TH-302 has been investigated in more than 550 patients in Phase I/II clinical trials to date in a broad spectrum of tumor types, both as a monotherapy and in combination with chemotherapy treatments and other targeted cancer drugs. Threshold has several ongoing clinical trials including, but not limited to, a controlled Phase II trial of TH-302 in combination with gemcitabine versus gemcitabine alone in patients with advanced pancreatic cancer and a Phase III study evaluating TH-302 in combination with doxorubicin versus doxorubicin alone in patients with soft tissue sarcoma.

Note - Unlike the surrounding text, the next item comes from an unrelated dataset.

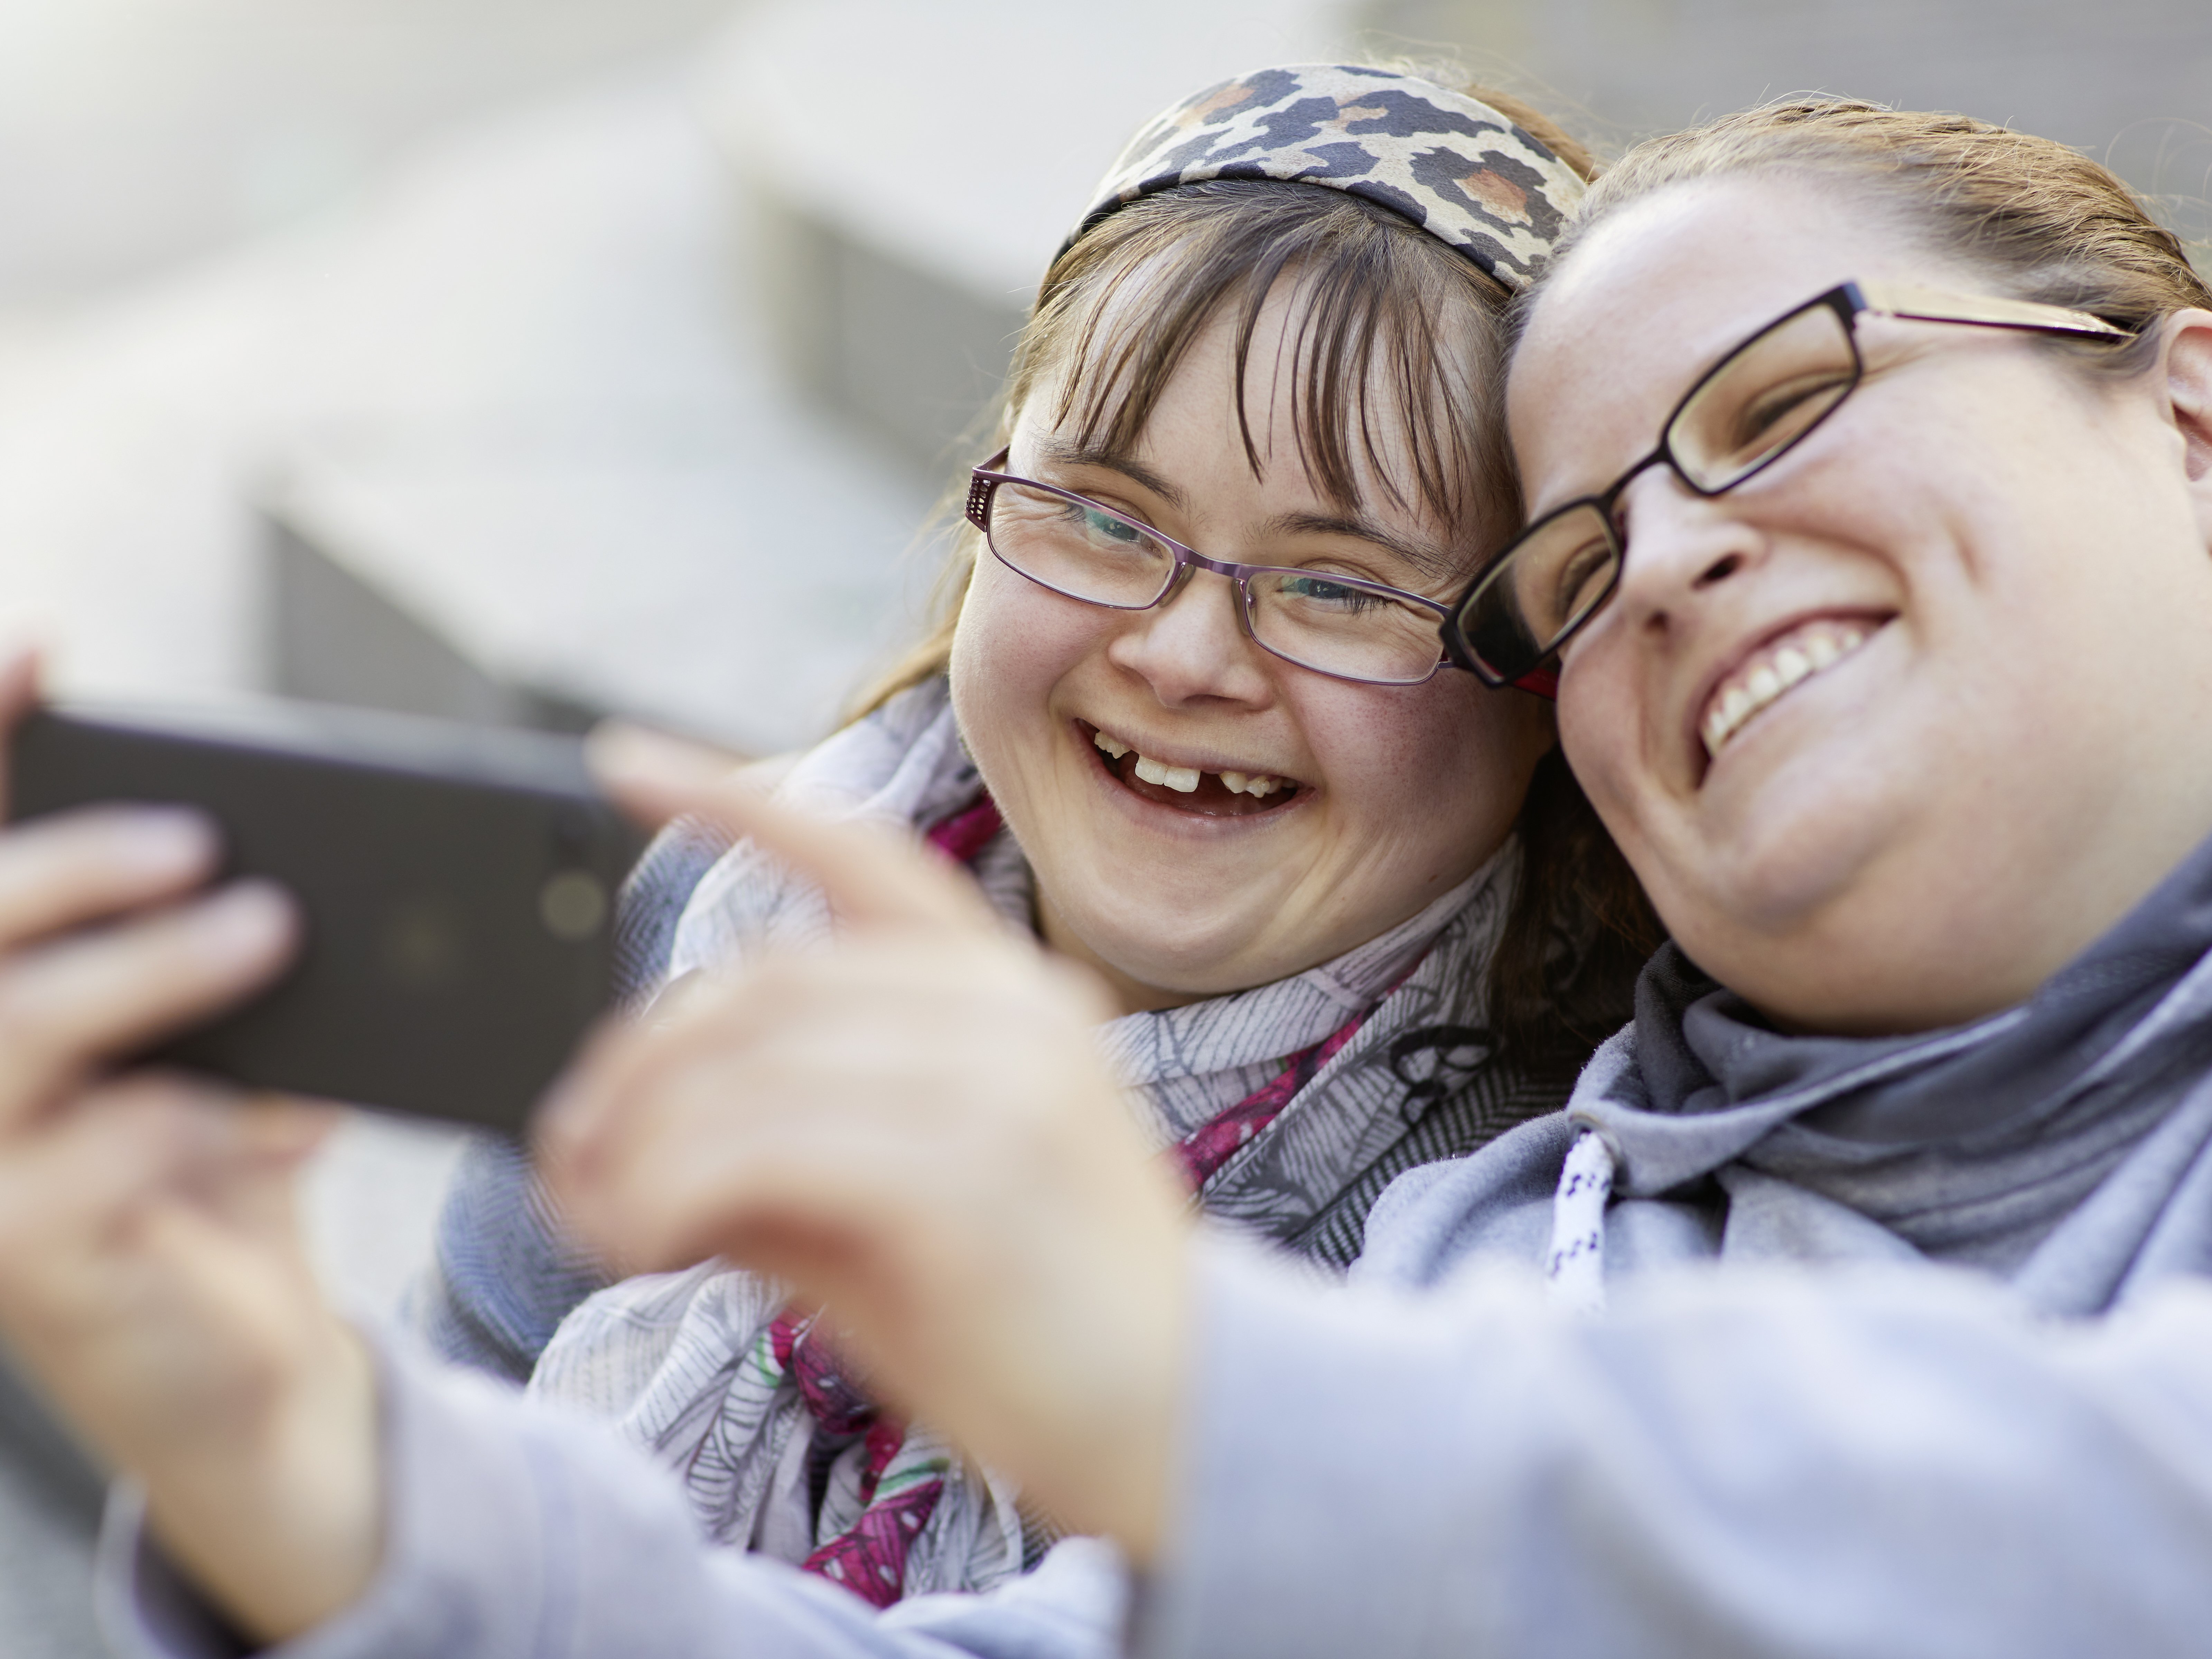 Foto von zwei jungen Frauen, die etwas auf einem Smartphone betrachten.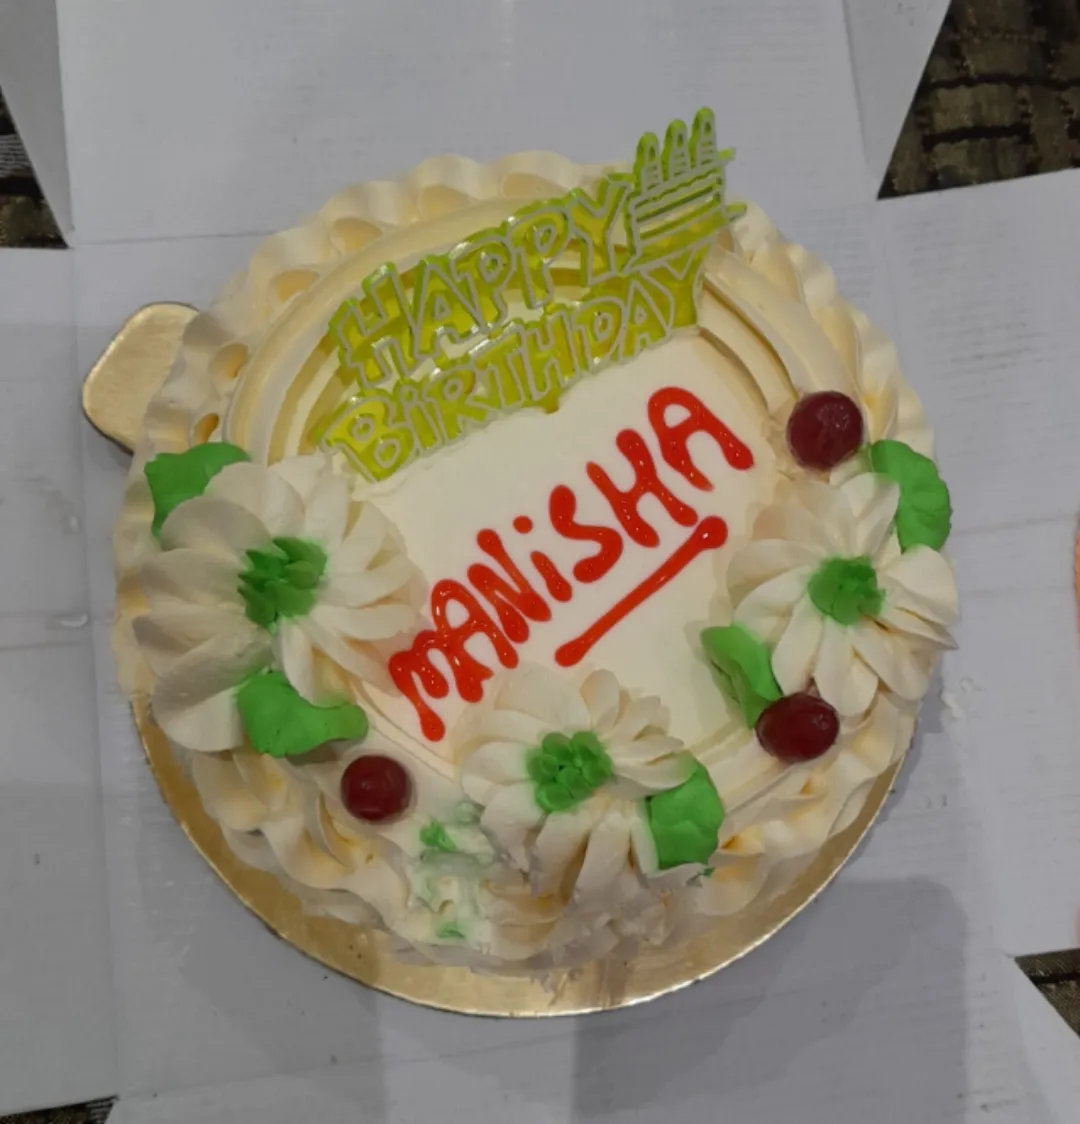 Anisha Happy Birthday Cakes Pics Gallery

"Merck Serono Oncology is a critical lever of our future pipeline and business success in the short and long term," Merck's Herbert notes. "Our focus is developing products that provide beneficial therapeutic outcomes and create new options for cancer patients. A principle on which we focus in oncology is that 'combination is key,' and one aspect of this is we aim to develop products that target multiple aspects of the disease process and are suitable for use in combination with established therapies. In order to optimize therapeutic success, our focus is to combine approaches that target the following three areas of the disease process: the tumor cell directly, the tumor's local environment or the patient's immune system. TH-302 has many attributes that answer to our strategic goals."
Threshold announces positive Phase IIb trial results for TH-302 in patients with pancreatic cancer
SOUTH SAN FRANCISCO, Calif.— Threshold Pharmaceuticals Inc. announced Feb. 21 that its 214-patient randomized controlled Phase IIb clinical trial evaluating the efficacy and safety of two doses of the investigational agent TH-302 in combination with gemcitabine compared to gemcitabine alone in patients with first-line advanced pancreatic cancer achieved its primary endpoint, with a 63 percent improvement in progression-free survival and a safety profile consistent with previous studies.
"With the results of this trial, we are again very encouraged that TH-302 is conferring benefit to patients with aggressive and difficult to treat cancers," said Dr. Barry Selick, CEO of Threshold. "We look forward to its ongoing development with our partner Merck KGaA in this and other indications."
The combination was well tolerated, with a safety profile that was consistent with the company's prior study of this combination regimen. As in that study, skin and mucosal toxicities related to TH-302 were dose-dependent but not dose limiting.
"This study provides the proof of concept demonstration that TH-302 contributes to the efficacy of a known active agent and supports the rationale for combining TH-302, a hypoxia targeting agent, with other approved therapies," said Stew Kroll, senior vice president of biostatistics and clinical operations of Threshold.